# TASK STATEMENT:
Look below for the line with "老照片:黄冈工业学校建校十周年】【1976-198"; begin the copy there and stop after the line with "Sophie Le Roux", keeping the text exact and the pictures out.

━━━ EXERCISE DATA

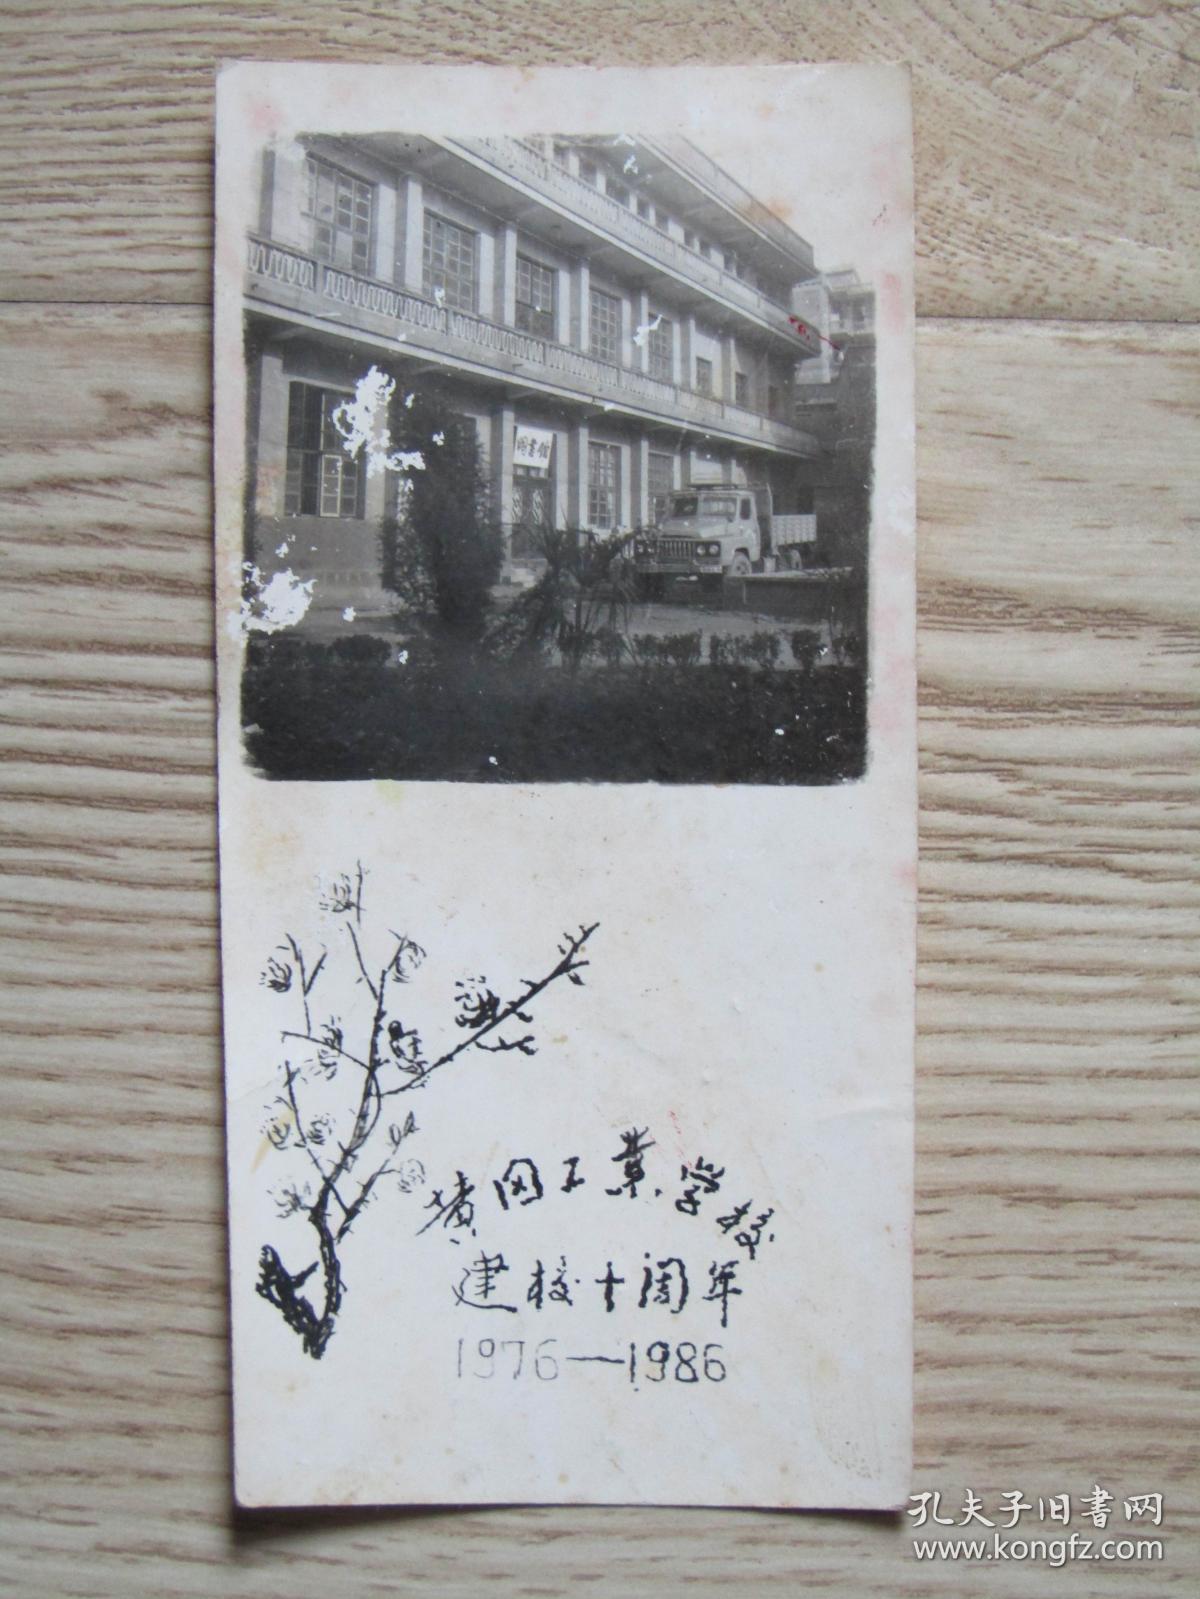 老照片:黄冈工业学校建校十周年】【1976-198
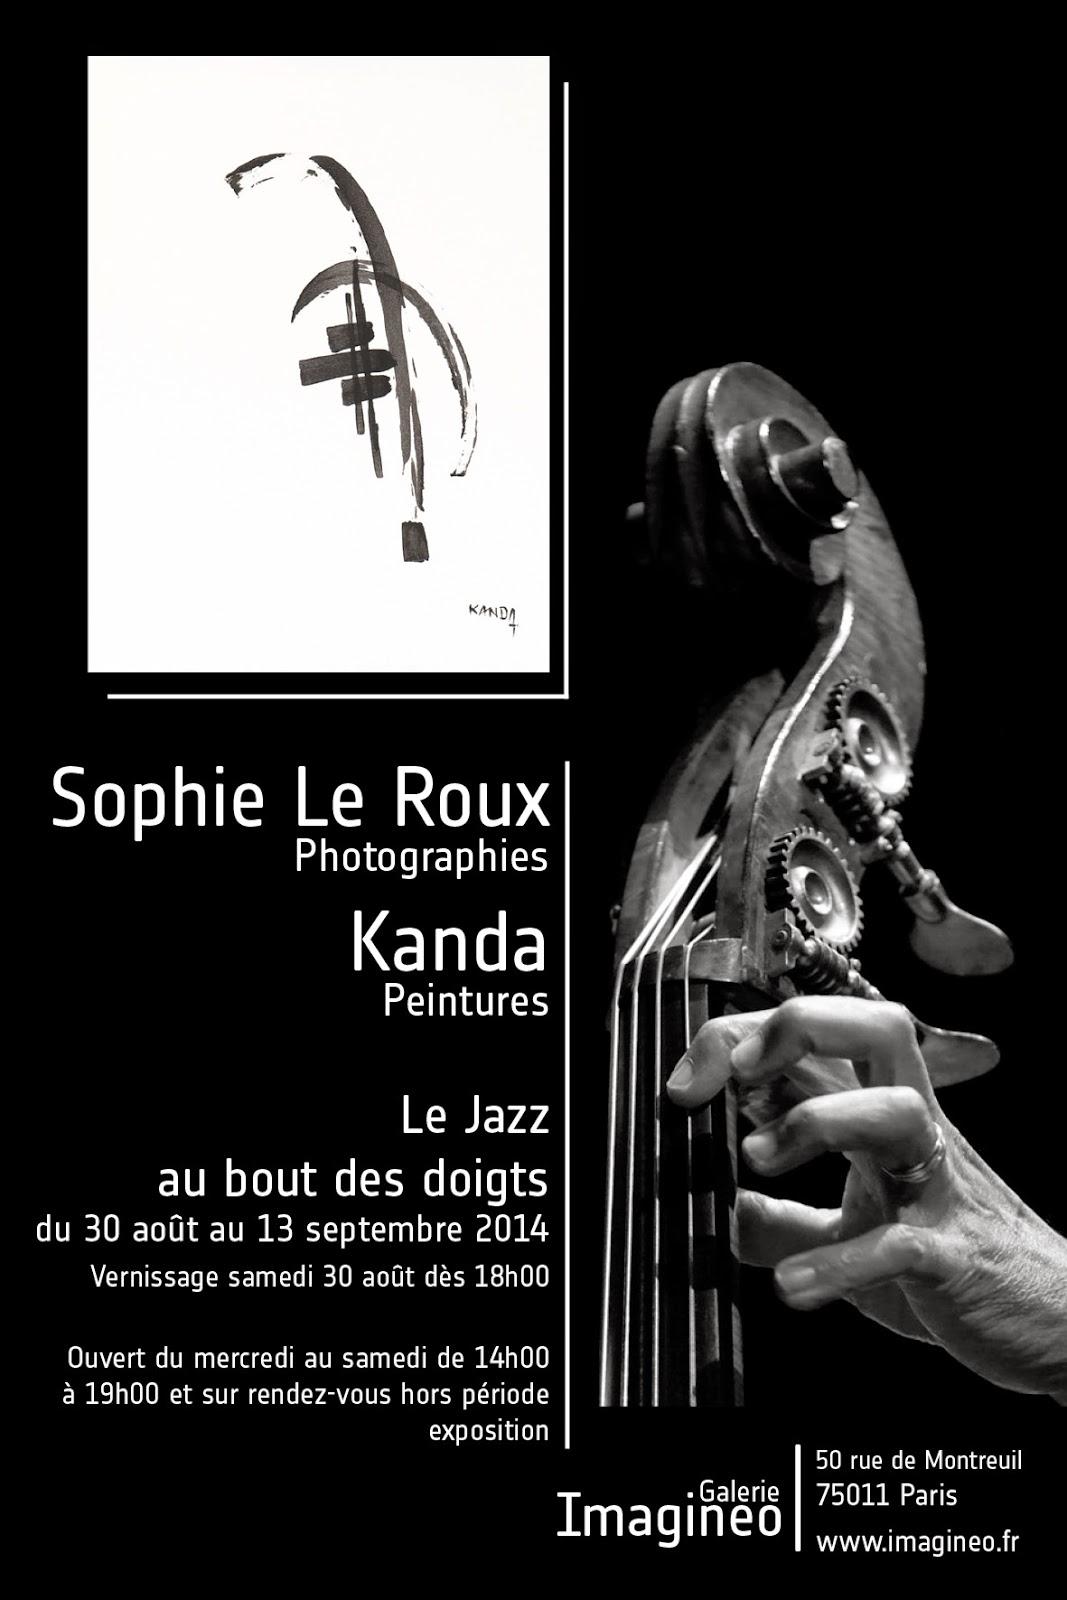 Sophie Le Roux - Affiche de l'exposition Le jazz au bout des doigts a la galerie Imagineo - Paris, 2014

━━━━━━
━━━ EXERCISE DATA

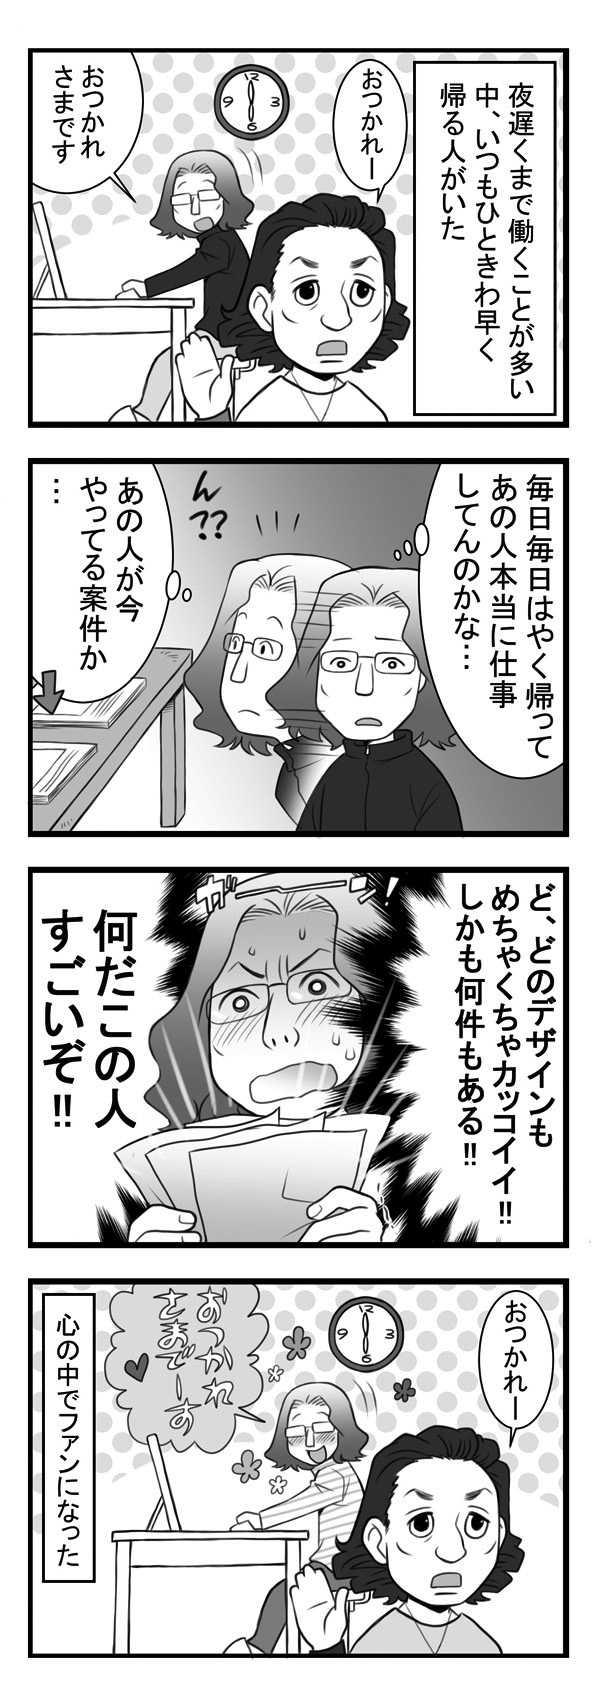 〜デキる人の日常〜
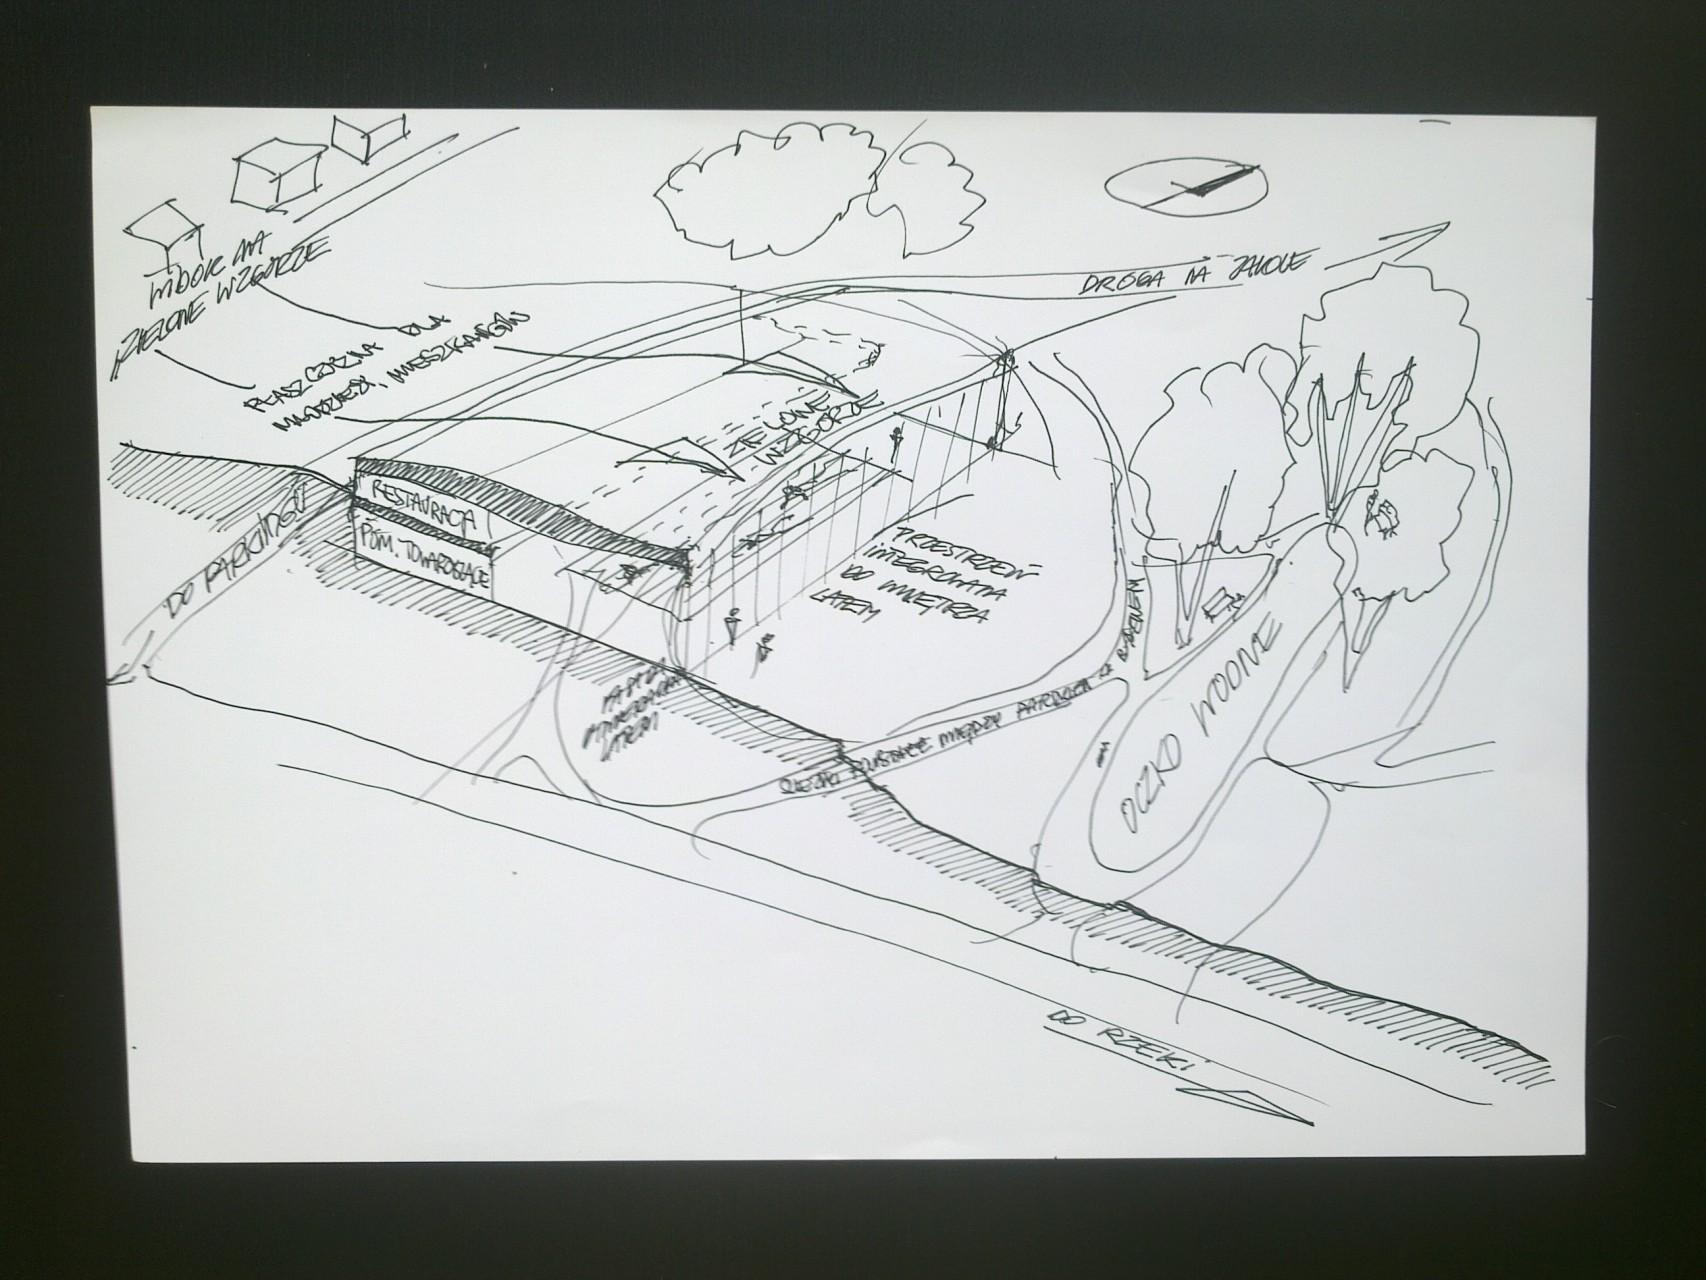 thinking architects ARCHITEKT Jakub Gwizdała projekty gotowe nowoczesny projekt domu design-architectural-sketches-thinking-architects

━━━━━━
━━━ EXERCISE DATA

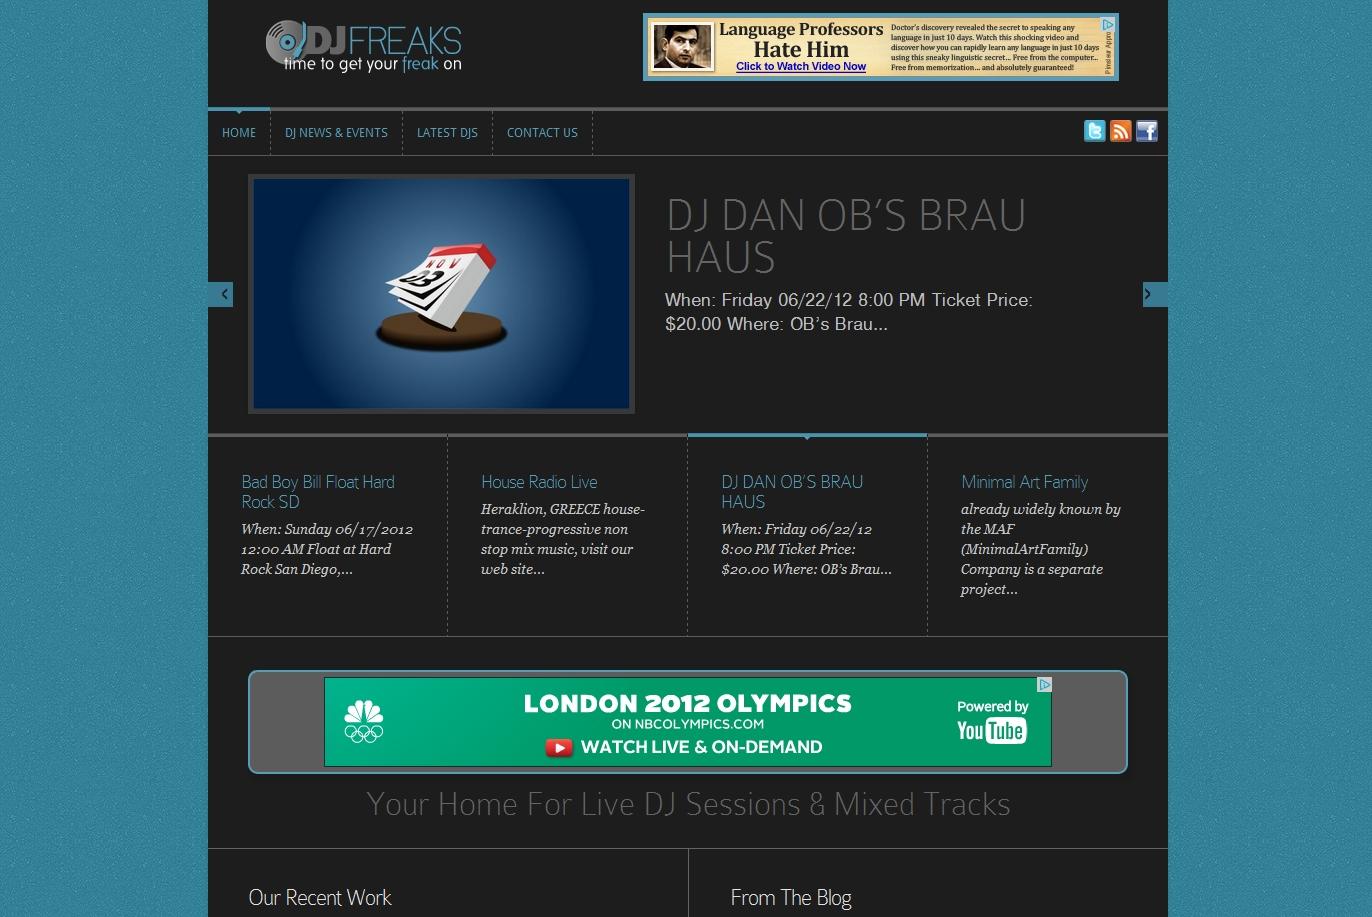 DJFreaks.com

━━━━━━

# RESULT FOR THIS TASK:
 老照片:黄冈工业学校建校十周年】【1976-198
 Sophie Le Roux - Affiche de l'exposition Le jazz au bout des doigts a la galerie Imagineo - Paris, 2014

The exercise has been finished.